→ THE TASK: Give again, word for word, each line below starting at the one that contains "empty eyelash boxes" and ending at the one that contains "Kyoukai Senjou no".

▼

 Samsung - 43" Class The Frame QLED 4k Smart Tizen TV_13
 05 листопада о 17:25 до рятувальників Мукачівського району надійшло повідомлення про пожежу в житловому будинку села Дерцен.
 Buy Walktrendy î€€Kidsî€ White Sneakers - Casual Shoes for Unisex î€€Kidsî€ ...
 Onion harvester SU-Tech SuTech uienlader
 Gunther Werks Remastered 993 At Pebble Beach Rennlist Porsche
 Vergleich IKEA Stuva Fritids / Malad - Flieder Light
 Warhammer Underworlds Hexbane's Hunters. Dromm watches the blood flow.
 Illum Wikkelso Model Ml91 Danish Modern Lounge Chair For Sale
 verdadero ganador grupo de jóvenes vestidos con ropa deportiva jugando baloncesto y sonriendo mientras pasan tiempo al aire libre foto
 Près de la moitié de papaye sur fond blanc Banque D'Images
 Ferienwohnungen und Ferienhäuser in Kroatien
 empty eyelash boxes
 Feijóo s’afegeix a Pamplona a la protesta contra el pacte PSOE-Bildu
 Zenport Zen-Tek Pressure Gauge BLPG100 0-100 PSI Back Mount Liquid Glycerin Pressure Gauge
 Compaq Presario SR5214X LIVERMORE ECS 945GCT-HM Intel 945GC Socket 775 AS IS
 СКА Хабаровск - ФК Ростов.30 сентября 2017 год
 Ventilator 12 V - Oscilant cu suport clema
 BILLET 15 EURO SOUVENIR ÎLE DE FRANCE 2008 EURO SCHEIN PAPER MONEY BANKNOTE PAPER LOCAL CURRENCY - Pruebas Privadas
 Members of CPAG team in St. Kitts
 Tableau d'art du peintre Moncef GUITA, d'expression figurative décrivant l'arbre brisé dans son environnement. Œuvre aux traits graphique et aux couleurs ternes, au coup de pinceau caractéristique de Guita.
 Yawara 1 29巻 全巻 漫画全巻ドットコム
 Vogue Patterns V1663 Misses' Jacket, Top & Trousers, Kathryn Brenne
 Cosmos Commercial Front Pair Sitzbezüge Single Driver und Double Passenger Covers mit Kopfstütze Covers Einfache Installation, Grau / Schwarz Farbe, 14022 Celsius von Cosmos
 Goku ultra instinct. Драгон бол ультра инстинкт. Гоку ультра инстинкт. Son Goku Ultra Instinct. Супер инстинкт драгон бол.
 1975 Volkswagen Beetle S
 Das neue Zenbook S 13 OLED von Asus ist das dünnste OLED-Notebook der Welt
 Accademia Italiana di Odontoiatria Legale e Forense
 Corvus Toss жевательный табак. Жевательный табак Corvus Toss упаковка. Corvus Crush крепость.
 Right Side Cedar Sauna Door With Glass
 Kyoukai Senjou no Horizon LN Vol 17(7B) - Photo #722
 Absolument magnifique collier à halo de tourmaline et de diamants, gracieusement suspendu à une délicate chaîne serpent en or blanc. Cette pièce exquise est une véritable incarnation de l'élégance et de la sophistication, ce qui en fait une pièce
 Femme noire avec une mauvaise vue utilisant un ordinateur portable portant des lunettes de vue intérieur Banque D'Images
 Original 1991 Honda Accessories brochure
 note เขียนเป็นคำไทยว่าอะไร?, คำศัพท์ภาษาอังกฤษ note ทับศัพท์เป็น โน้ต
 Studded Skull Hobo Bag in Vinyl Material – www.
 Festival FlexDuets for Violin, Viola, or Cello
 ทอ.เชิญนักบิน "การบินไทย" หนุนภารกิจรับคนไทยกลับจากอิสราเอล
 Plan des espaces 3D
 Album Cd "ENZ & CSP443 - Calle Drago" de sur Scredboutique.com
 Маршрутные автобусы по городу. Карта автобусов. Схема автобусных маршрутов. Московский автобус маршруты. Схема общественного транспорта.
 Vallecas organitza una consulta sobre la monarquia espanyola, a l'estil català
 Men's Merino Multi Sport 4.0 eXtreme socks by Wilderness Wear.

▲

→ FINAL ANSWER:
 empty eyelash boxes
 Feijóo s’afegeix a Pamplona a la protesta contra el pacte PSOE-Bildu
 Zenport Zen-Tek Pressure Gauge BLPG100 0-100 PSI Back Mount Liquid Glycerin Pressure Gauge
 Compaq Presario SR5214X LIVERMORE ECS 945GCT-HM Intel 945GC Socket 775 AS IS
 СКА Хабаровск - ФК Ростов.30 сентября 2017 год
 Ventilator 12 V - Oscilant cu suport clema
 BILLET 15 EURO SOUVENIR ÎLE DE FRANCE 2008 EURO SCHEIN PAPER MONEY BANKNOTE PAPER LOCAL CURRENCY - Pruebas Privadas
 Members of CPAG team in St. Kitts
 Tableau d'art du peintre Moncef GUITA, d'expression figurative décrivant l'arbre brisé dans son environnement. Œuvre aux traits graphique et aux couleurs ternes, au coup de pinceau caractéristique de Guita.
 Yawara 1 29巻 全巻 漫画全巻ドットコム
 Vogue Patterns V1663 Misses' Jacket, Top & Trousers, Kathryn Brenne
 Cosmos Commercial Front Pair Sitzbezüge Single Driver und Double Passenger Covers mit Kopfstütze Covers Einfache Installation, Grau / Schwarz Farbe, 14022 Celsius von Cosmos
 Goku ultra instinct. Драгон бол ультра инстинкт. Гоку ультра инстинкт. Son Goku Ultra Instinct. Супер инстинкт драгон бол.
 1975 Volkswagen Beetle S
 Das neue Zenbook S 13 OLED von Asus ist das dünnste OLED-Notebook der Welt
 Accademia Italiana di Odontoiatria Legale e Forense
 Corvus Toss жевательный табак. Жевательный табак Corvus Toss упаковка. Corvus Crush крепость.
 Right Side Cedar Sauna Door With Glass
 Kyoukai Senjou no Horizon LN Vol 17(7B) - Photo #722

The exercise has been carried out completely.